Mises Wire

I Am Outraged About Global Competition!

I Am Outraged About Global Competition!

[Michigan] Governor Jennifer M. Granholm today issued the following statement on the announcement that Delphi has filed for Chapter 11: I am profoundly disturbed by Delphi's decision and what it means for the nearly 15,000 Michigan employees, many of whom have worked for decades for the company based upon the promise that they would have a pension and health care when they retired. Globalization is ravaging Michigan's manufacturing job base. Delphi's decision will undoubtedly have a ripple effect through Michigan's economy — an economy already reeling from outsourcing.

I am angry that this action occurs one day after headlines blared that Delphi employees were being asked to accept brutal, draconian pay cuts while upper management is being offered golden parachutes. I am equally angry about the lack of support from Washington for the industries that made our country great. There is an apparent indifference in Washington to the human pain that so-called free trade has brought to average, patriotic, hardworking citizens who believe in keeping promises. Moreover, the silence from the federal government is deafening. Washington negotiates these trade agreements and is not offering needed investment in either training our citizens or providing assistance with health care to allow both workers and businesses to be competitive. If we as a nation can invest billions in infrastructure at home and around the globe, surely we can invest in the human infrastructure — our American citizens — whose middle class dreams and plans are being rapidly extinguished by race-to-the-bottom global competition. - Governor Jennifer M. Granholm.

 

Mrs. Granholm, governments do not "allow" competitiveness. The efficiency fatcor of a particular business denotes its level of competitiveness in a free market. Bloated, bureaucratic, mismanaged operations such as Delphi cannot compete against leaner competitors. Those are the ABC's of Business 101.

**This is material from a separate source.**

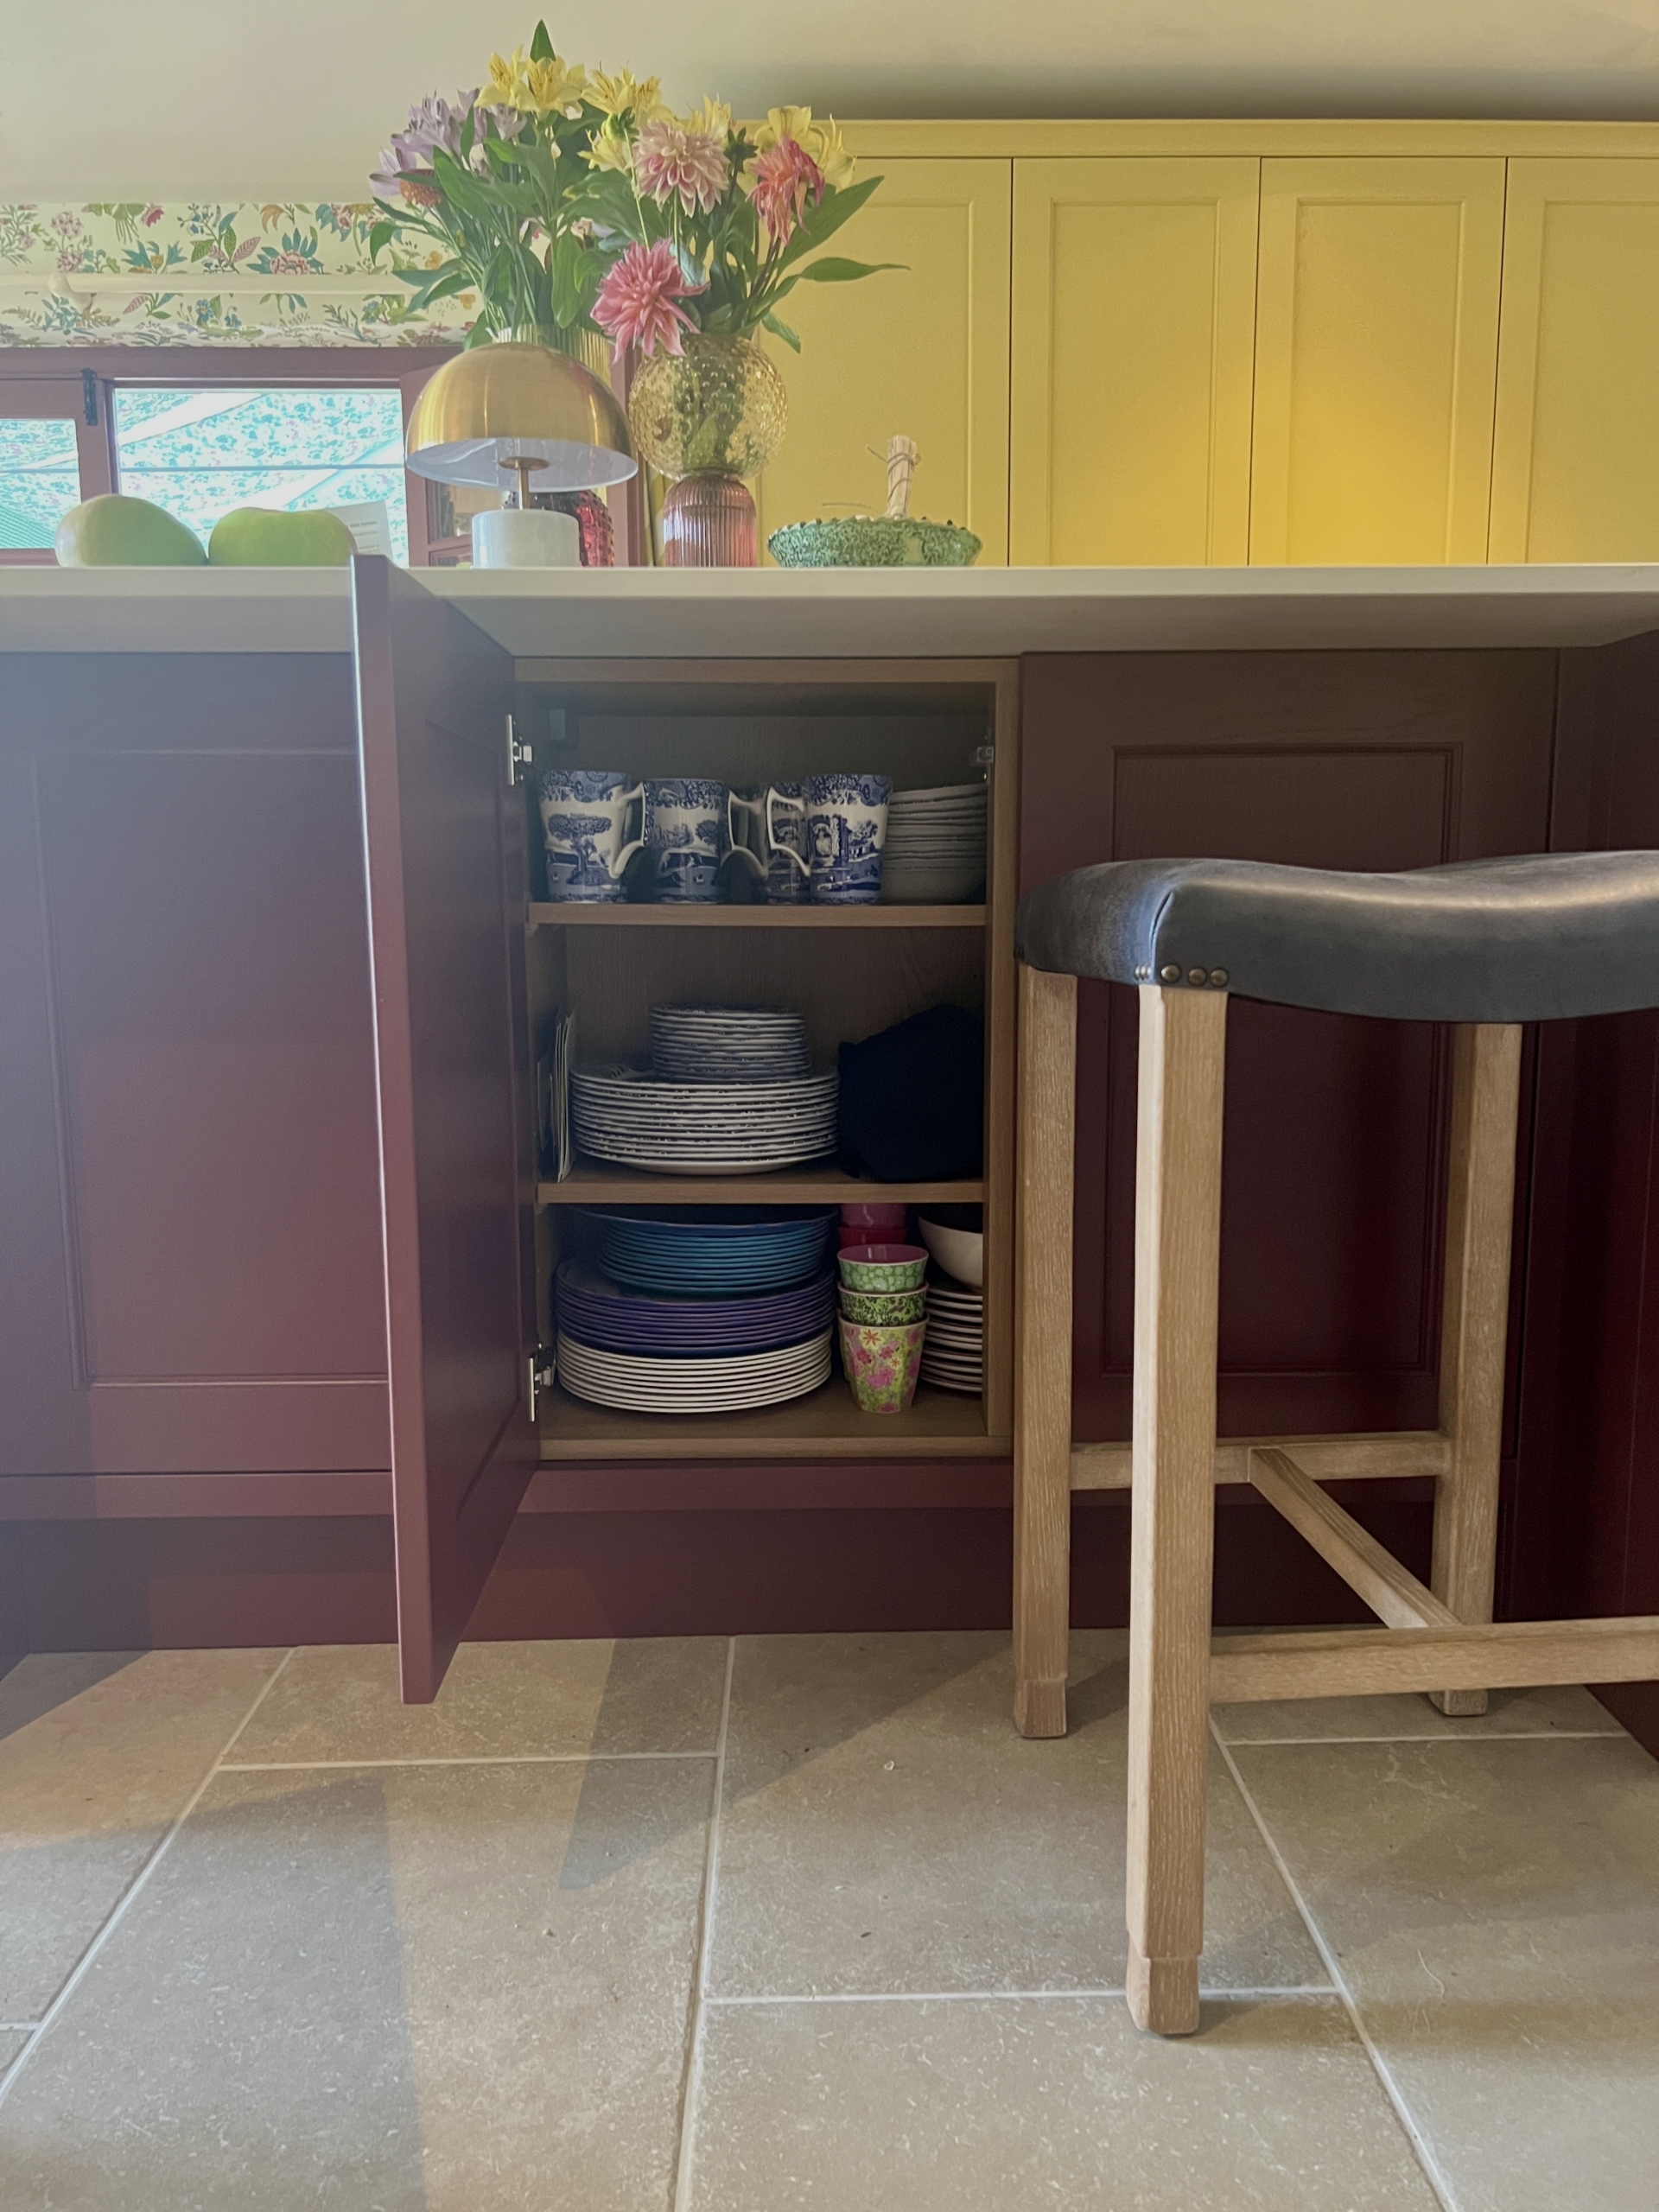 Open cupboard door in the kitchen island, displaying plate and mug storage within. Next to the open cupboard is a bar stool with wooden legs and dark leather seat.

Perhaps, Mrs. Granholm, you can ask Delphi's Big Daddy — General Motors — why it will not save its underling? Ford likely will not be cutting the umbilical cord to Visteon anytime soon, so why is it that GM is so willing to let Delphi fail? Hint: start with the health care beast, and go from there.

American auto companies endure a $1500/per vehicle in health care costs. It costs American auto companies almost 3x as much as their Japanese competitors to launch a new car . The Japanese plants can run several models through one plant, and the Americans? One or two, on average. In addition, GM lost $3.3 billion on its North American automaking operation in the first six months of the year. GM needs better, cheaper suppliers. If the Michigan labor force were to offer up a more competitive wage system —read: no unions — surely the automakers would not be fleeing to the South, Canada, and elsewhere. Were Northern, union workes less inclined to gut their companies via collective bargaining sanctioned by the government, perhaps plants in Michigan would cease to be closed so "mercilessly?"

By the way, Mrs. Granholm, well-paid and grateful workers in the South continually reject the UAW of their own volition.